Орест Самсонович скривился – ему было известно, что именно подразумевал полковник под «дозволенными средствами». Брюхатов явно желал выслужиться и сделать стремительную карьеру, поэтому средствами не брезговал. И что хуже всего, не был ни дураком, ни моралистом. А сочетание изворотливого ума и полного отсутствия этических принципов делало его человеком страшным. Но Бергамотов знал, что полковнику он нужен, как, впрочем, и полковник ему, – и этот странный симбиоз, несмотря на обоюдное неприятие, длился уже третий год, с момента возращения Ореста Самсоновича в столицу.
– Не думаю! – повторил сыщик. – Верю, что заставите. Вы любого разговорить сумеете, даже камень. Только не сомневаюсь и в том, что захваченные вами легаты Васьки Пороха элементарно не в курсе, куда направился их босс. А применяя ваши так называемые дозволенные средства, вы сами же подтолкнете их к лжесвидетельству, схватитесь за ложную нить, которая заведет вас в тупик, и в итоге потеряете драгоценное время. А Профессор получит возможность осуществить то, что задумал!

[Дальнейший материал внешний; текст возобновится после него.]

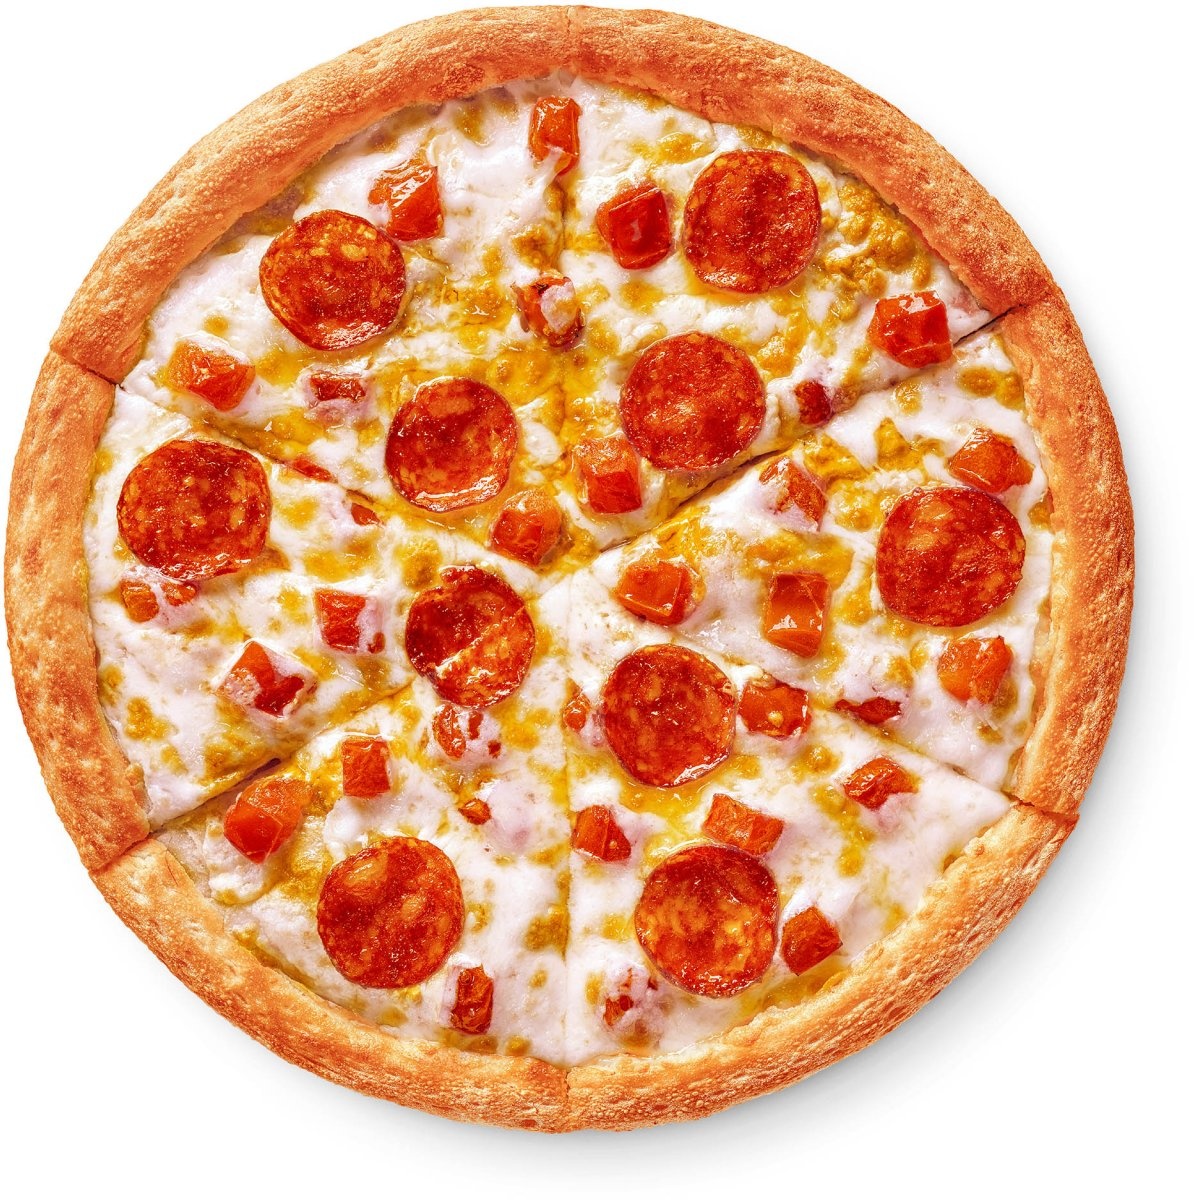 сколько стоит пицца пепперони в додо пицце фото 88

По мере его монолога лицо полковника Брюхатова сделалось сначала красным, потом пурпурным, затем, наконец, фиолетовым.
– Хватит, Бергамотов, стращать меня вашим Профессором! Все это бредни, меньше мистера Конан Дойля читать надо! Нет и быть не может у нас в столице никакого суперпреступника, гения криминального мира! Все это ваша попытка привлечь к себе внимание газетенок. Не даром же ошивался около вас этот скользкий тип, Прохор Курицын. Куда он, кстати, делся?
– Видимо, скрылся! – учтиво заметил сыщик, и полковник фыркнул. Тут к нему подошел один из подчиненных и протянул листок, изучив который Брюхатов воскликнул:
– Ага, отлично! Вот это я понимаю, настоящая оперативная полицейская работа! Не то что в нелепых рассказах господина Державина-Клеопатрова.
И, ничего не говоря Оресту Бергамотову, быстрым шагом двинулся к одной из полицейских пролеток.
– Зигфрид! – тихо произнес сыщик, и пес встрепенулся. Когда пролетка с находящимся в ней полковником тронулась в путь, Зигфрид затрусил за ней.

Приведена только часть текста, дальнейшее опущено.